= TASK DETAILS =
Take the material below and output exactly the run of lines from the one containing "Some Points That" down to the one containing "Fresh Air is", with both included.

##### RECORD SET

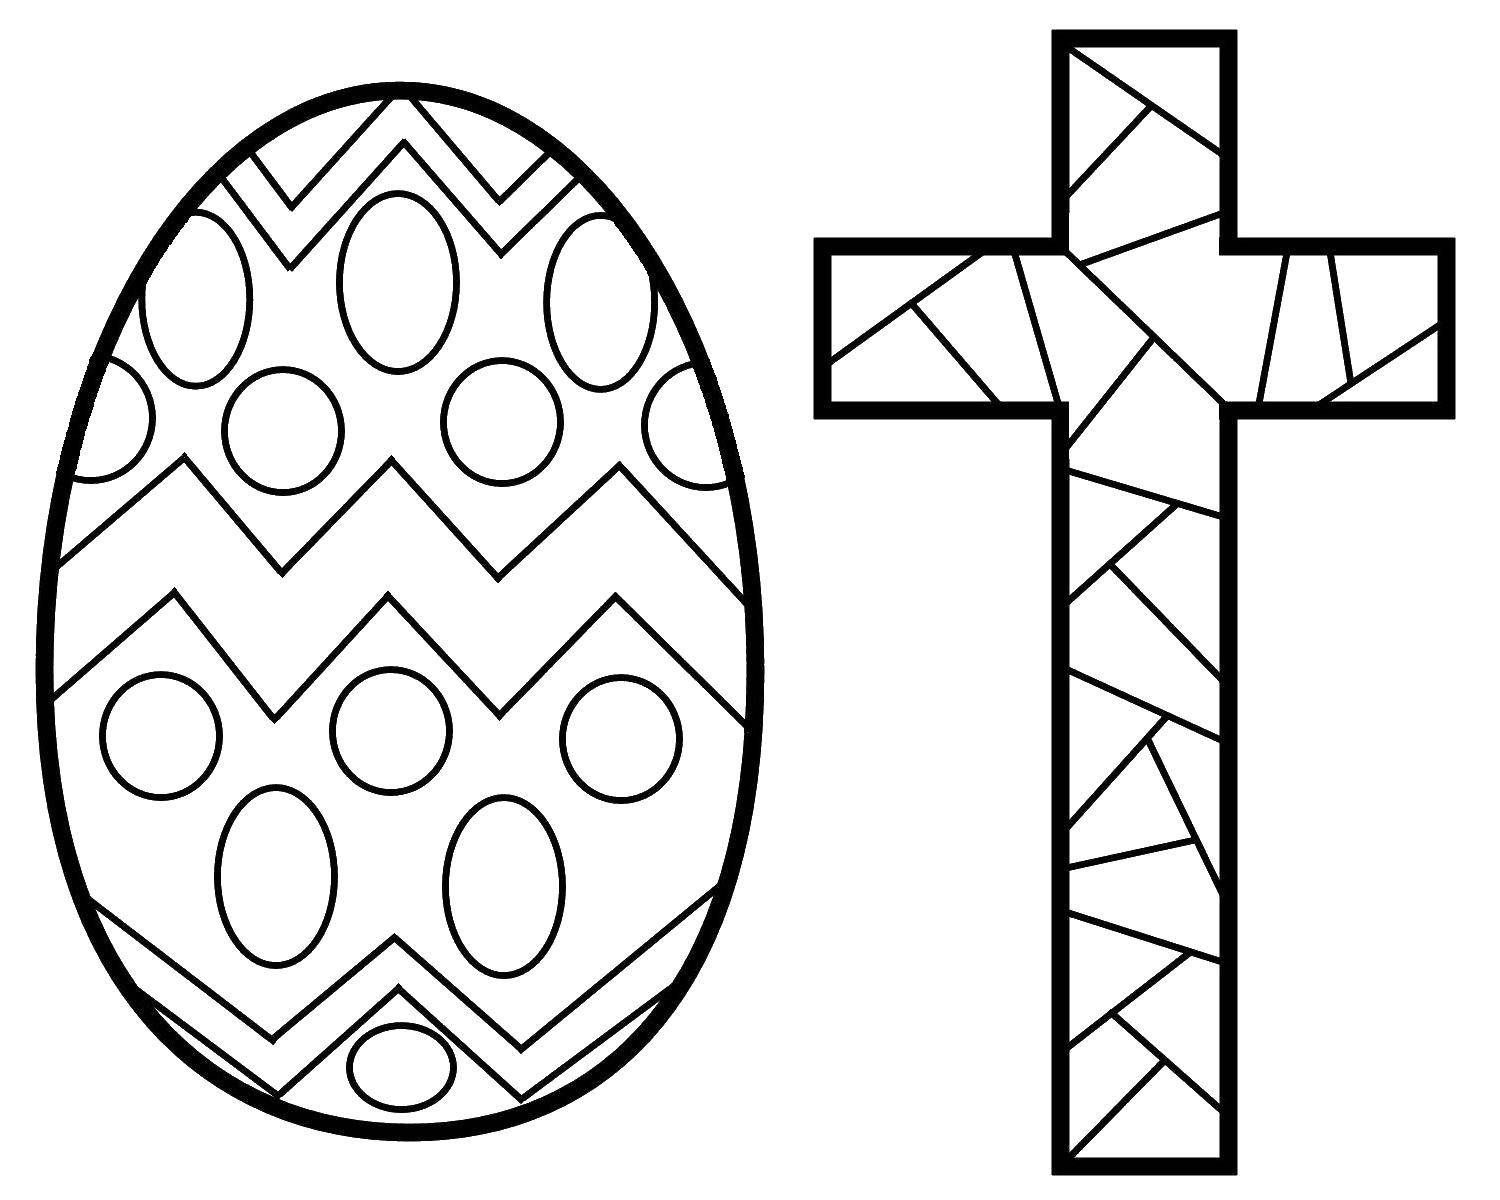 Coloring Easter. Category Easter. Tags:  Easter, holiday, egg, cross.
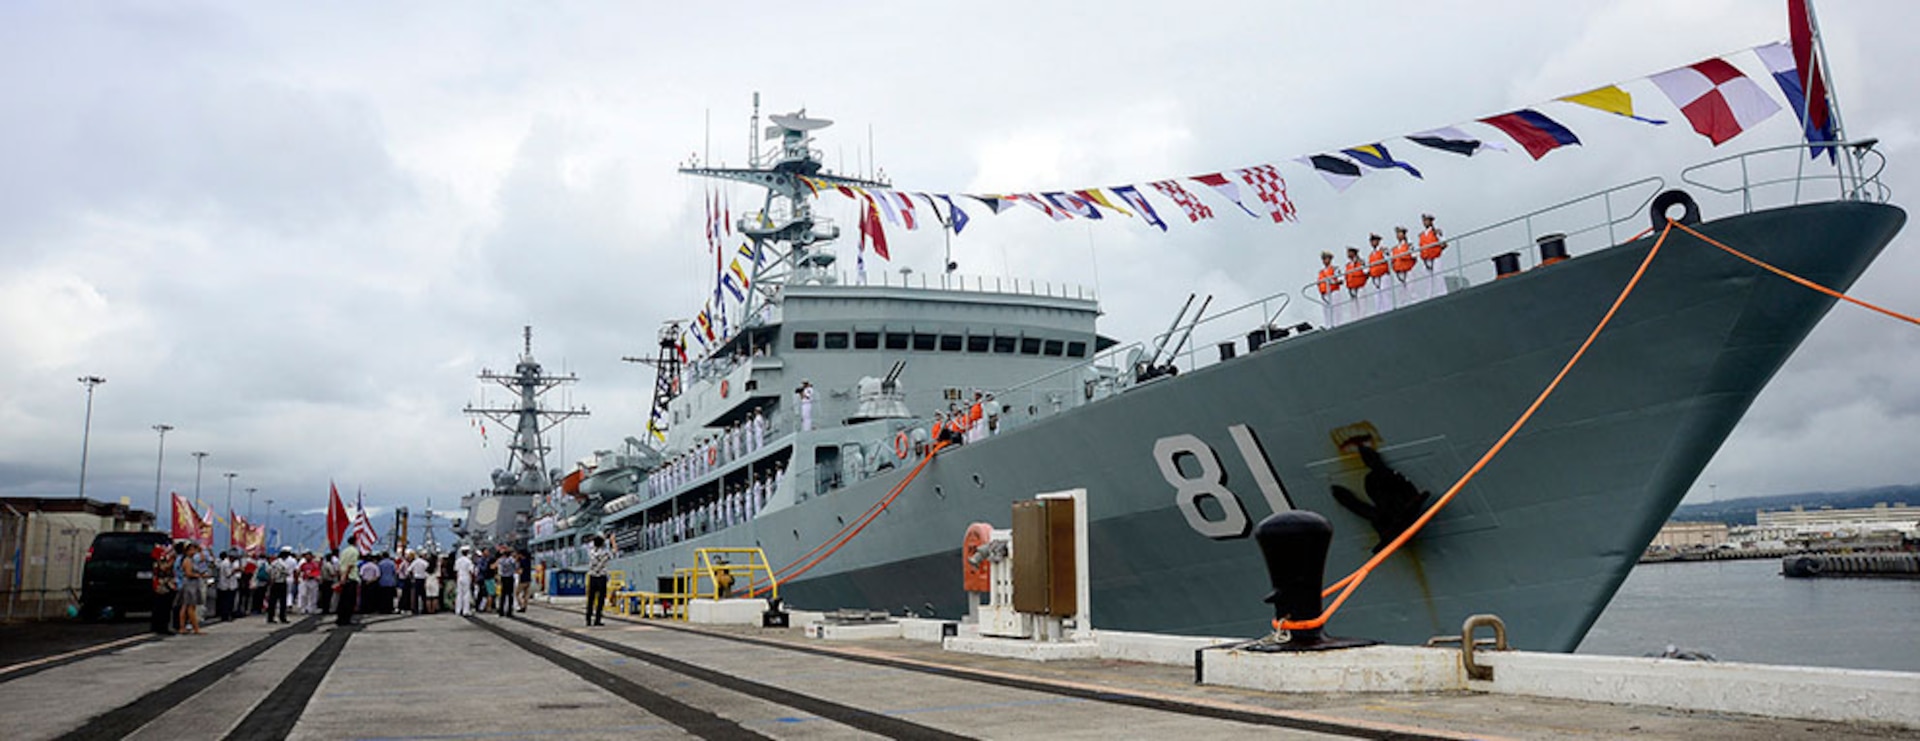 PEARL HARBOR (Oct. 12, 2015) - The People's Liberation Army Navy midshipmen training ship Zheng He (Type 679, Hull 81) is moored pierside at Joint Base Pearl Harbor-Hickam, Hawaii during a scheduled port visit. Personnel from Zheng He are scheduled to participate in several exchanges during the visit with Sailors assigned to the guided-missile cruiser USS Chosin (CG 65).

##########
##### RECORD SET

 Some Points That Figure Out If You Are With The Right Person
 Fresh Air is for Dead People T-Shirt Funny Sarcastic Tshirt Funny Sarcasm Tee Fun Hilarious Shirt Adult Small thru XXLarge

##########

= EXERCISE SOLUTION =
 Some Points That Figure Out If You Are With The Right Person
 Fresh Air is for Dead People T-Shirt Funny Sarcastic Tshirt Funny Sarcasm Tee Fun Hilarious Shirt Adult Small thru XXLarge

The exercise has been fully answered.